Recent developments in deep learning optimization have brought about radically new algorithms based on the Linear Minimization Oracle (LMO) framework, such as Muon [3] and Scion [4]. After over a decade of Adam’s [5] dominance, these LMO-based methods are emerging as viable replacements, offering several practical advantages such as improved memory efficiency, better hyperparameter transferability, and most importantly, superior empirical performance on large-scale tasks, including LLM training. However, a significant gap remains between their practical use and our current theoretical understanding: prior analyses (1) overlook the layer-wise LMO application of these optimizers in practice, and (2) rely on an unrealistic smoothness assumption, leading to impractically small stepsizes.

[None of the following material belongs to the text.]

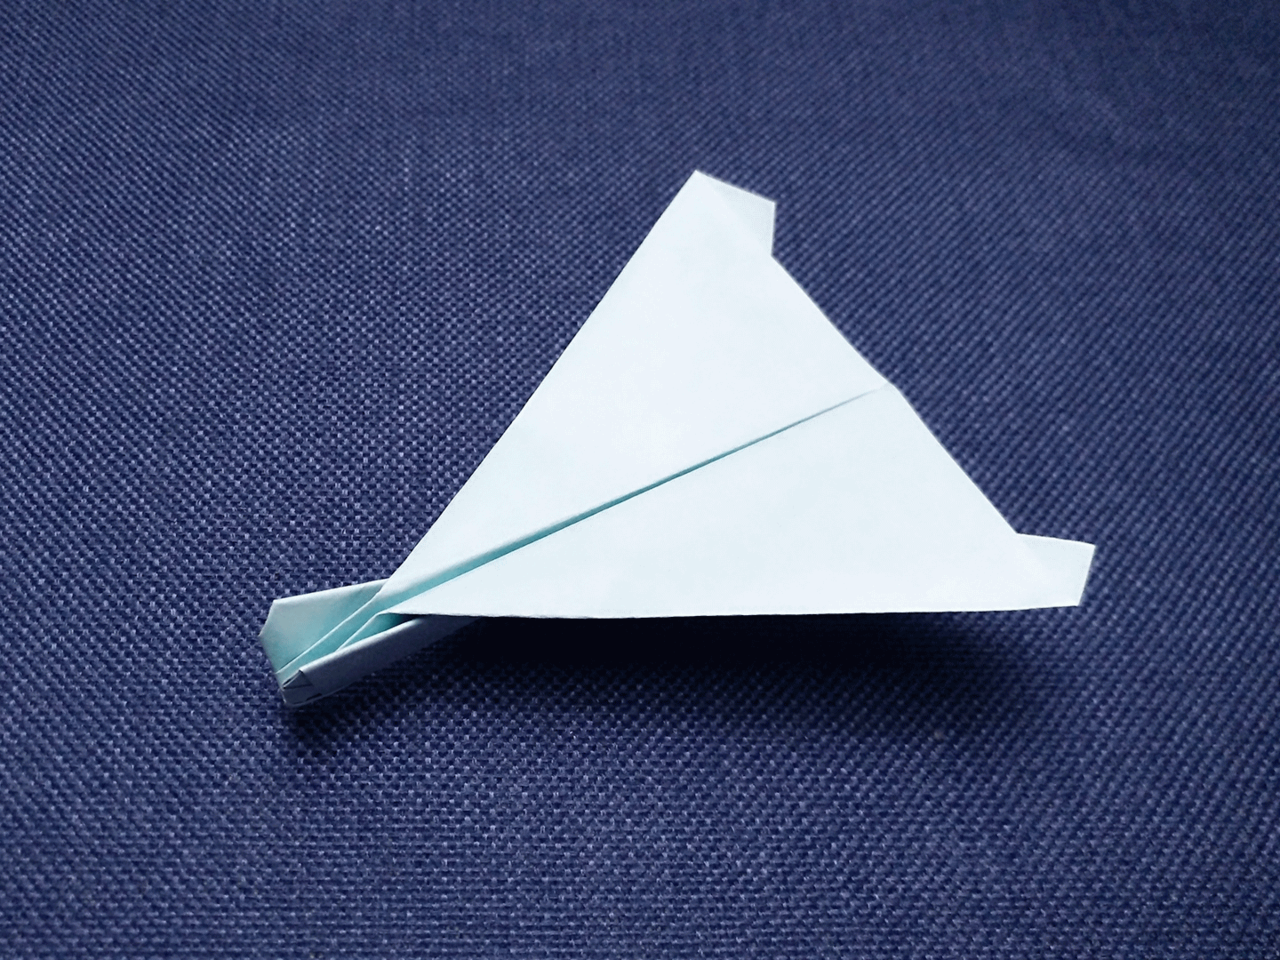 纸飞机怎么折?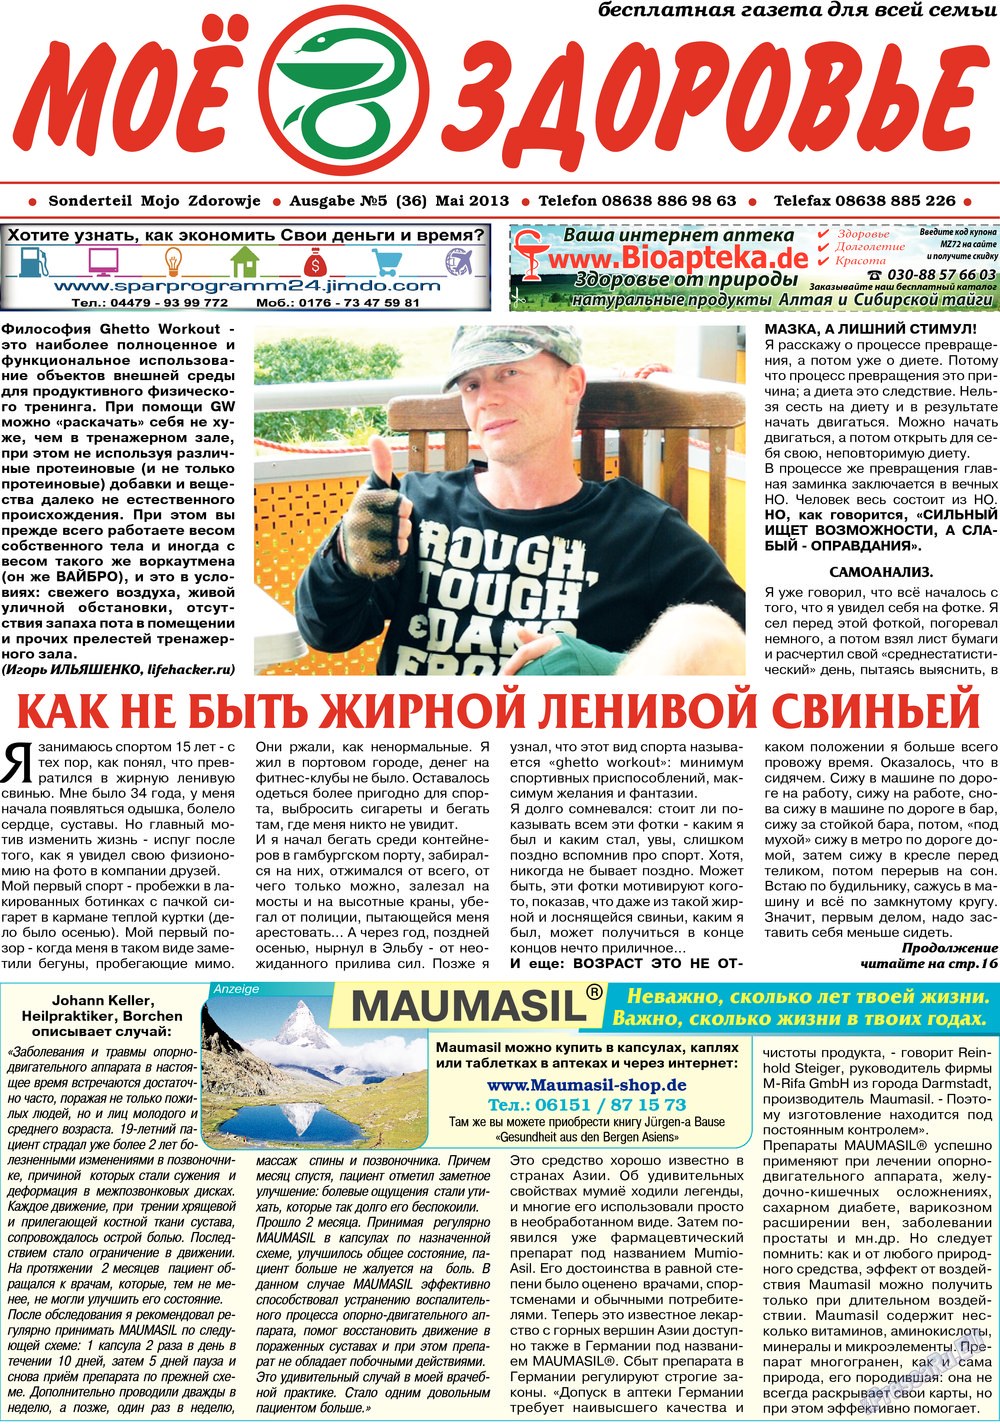 Кругозор (газета). 2013 год, номер 5, стр. 15

To address both, we propose a new LMO-based method called Gluon, capturing prior theoretically analyzed methods as special cases, and introduce a new refined generalized smoothness model that captures the layer-wise geometry of neural networks, matches the layer-wise practical implementation of Muon and Scion, and leads to convergence guarantees with strong practical predictive power. Unlike prior results, our theoretical stepsizes closely match the fine-tuned values reported by Pethick et al. (2025). Our experiments with NanoGPT and CNN confirm that our assumption holds along the optimization trajectory, ultimately closing the gap between theory and practice.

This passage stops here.